This article is co-authored with Dr Arthur Mynett who is Professor of Hydraulic Engineering and Head of the Department of Water Science Engineering at UNESCO-IHE in Delft.
Last month, UK Labour Party Leader Ed Miliband rightly described the recent waves of UK flooding as a "national security" issue. The wettest January in the country for some 250 years left much of the South-West under water. Recent events of extreme, prolonged rainfall, together with river and coastal flooding in Asia across to continental Europe have also been the worst on record.
Increasing evidence and scientific analysis is showing why these events are associated with human induced climate change. The related impacts are becoming more widespread and complex, affecting society from health issues to agriculture, from transportation to economics, and becoming more severe, long-lasting and costly with increasing frequency.
To be sure, following the UK floods in 2007 and the Pitt report in 2009, improved collaboration between the Met Office and Environment Agency has led to more accurate and effective forecasts and warnings about floods. However, unprecedented disruption and damage to infrastructure and agriculture following recent floods underlines that a new financial, engineering and management strategy is needed for UK water management. This should be integral to the general improvement of UK infrastructure, recently proposed in the report by Sir John Armitt.
From our experiences of the science and management of hydrological and meteorological natural disasters, the UK could learn greatly from the Dutch experience in planning and design of effective water systems for their contribution to agriculture, transport and above all defence against flooding (whose effects can be catastrophic given that large areas of the Netherlands are below sea level). Like the vulnerable area of South-West England, flooding in the Netherlands can come from the sea, as during the 1953 floods, and also from intense rainfall in the upstream catchment areas of the Rhine-Meuse river systems coming from Switzerland, Germany, France and Belgium.
The country has learned how to protect against flooding and developed a sophisticated system of almost 3,800 kilometres of flood defences, including earthen levees along the main rivers as well as sand dunes, coastal dikes and five major coastal protection works and storm surge barriers along the coast.
The first component is a primary sea defence system constructed as a system of closure works and Storm Surge Barriers in the tidal inlets in the South-West Delta. It is connected by a system of natural dunes and man-made sea dikes that are capable of withstanding 1 in 10,000 year flood events.
The Delta Works were completed in the mid-1980s and have withstood higher North Sea storm surges than in 1953 without any problems. Based on studies of future sea level rises and storms associated with climate change, there are plans to raise the dikes by 1-3 metres over the next 100 years.
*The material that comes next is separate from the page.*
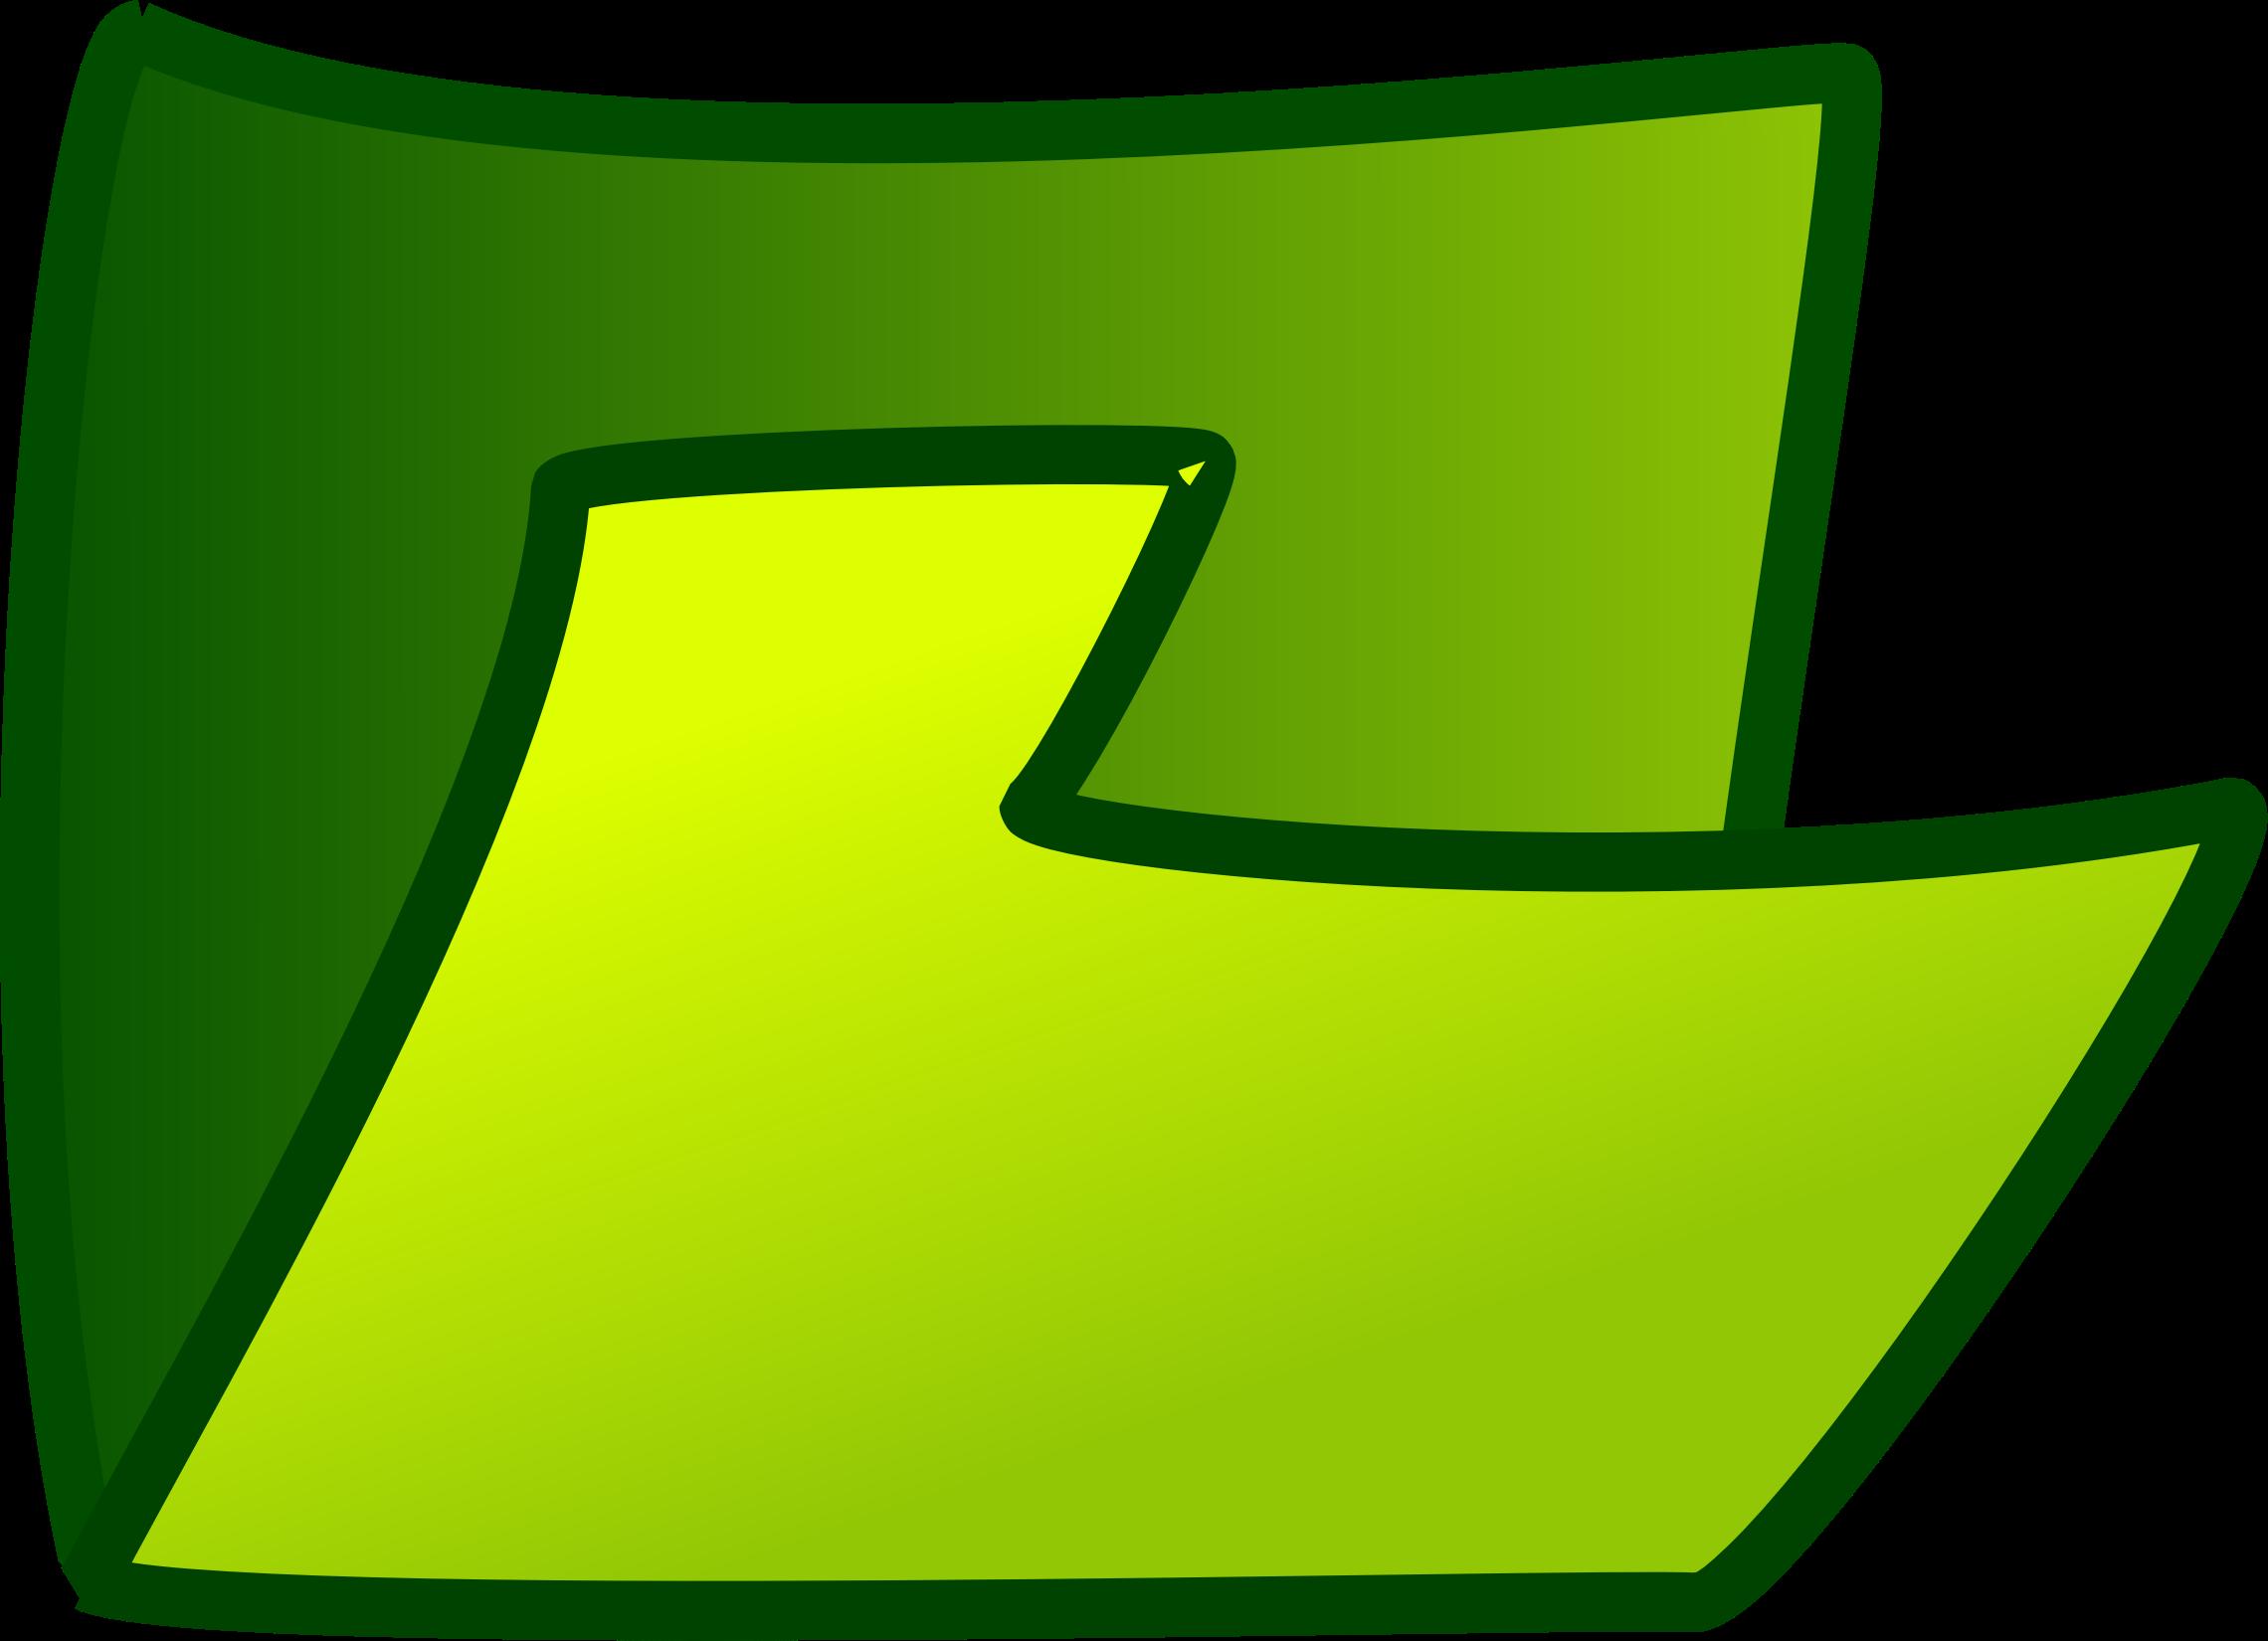 Файл зеленым цветом

The Dutch use flood defences to improve harbours and river transportation systems; they build on their tradition of wind mills on dykes to construct modern wind turbines on top of new concrete dykes. This is more cost effective than constructing isolated wind turbines each with their own foundations, saving about 40% of their construction cost.
The second part of the Dutch strategy is a special river flood protection programme: 'Room for the River' introduced after the near-disasters during the 1993-1995 Rhine-Meuse river floods. As the United Kingdom is now urgently considering, flood planes were widened, side channels were dredged, meanders restored, and dikes raised to increase storage capacity of dealing with increasing river floods.
The Dutch government continues to develop and implement measures to deal with expanding cities, industrial growth and potential effects of climate change. And, it is putting aside about 0.5% of GDP annually into a Delta Fund to develop and implement measures to deal with effects of climate change and to prepare for more extreme events in future.
What the Dutch experience shows is that it is key to keep drainage systems up to par, which involves infrastructure (the drainage network) and the drainage capacity (pumps, storage basins etc). Much Dutch money spent on water management goes into the maintenance and operation of these systems.
Of course the United Kingdom learnt from the Dutch experience of combining a strong national agency -- Rijkswaterstaat -- for water management when the Environment Agency was established in place of the former Rivers Authorities. However the Netherlands retains a strong regional system even with local taxation.
As the United Kingdom continues to move toward devolved administration, this might include more local involvement again in water management. Internationally, operational collaboration in hydrology is vital for flood movements between the Netherlands and Germany.
This is also important for the United Kingdom where rivers connect Northern Ireland and the Republic of Ireland. But equally important for UK flood warnings is European collaboration, satellites, weather radar and computer forecasting producing increasingly accurate predictions about rainfall, waves and flood surges.
International collaboration through UN agencies, which have contributed in the past to effective sharing of data, now needs to focus on extreme flood events around the world, by enlarging the UNESCO International Hydrological programme and International Oceanographic Commission, and the World Meteorological Office programme on operational hydrology. The United Kingdom and Netherlands should take a lead role here.
The United Kingdom should also look at the progress of research at Delft University and the Delft Research Programmes which invented the methods now used worldwide, including by the Met Office for forecasting the huge waves being driven on shore in recent storms. While the United Kingdom has excellent university and fundamental science laboratories, the Government could also learn from Dutch policies semi-privatising leading government environmental laboratories, without losing their world class status, because the country's Treasury continued to provide a vital element of government funding for advancing science and technology.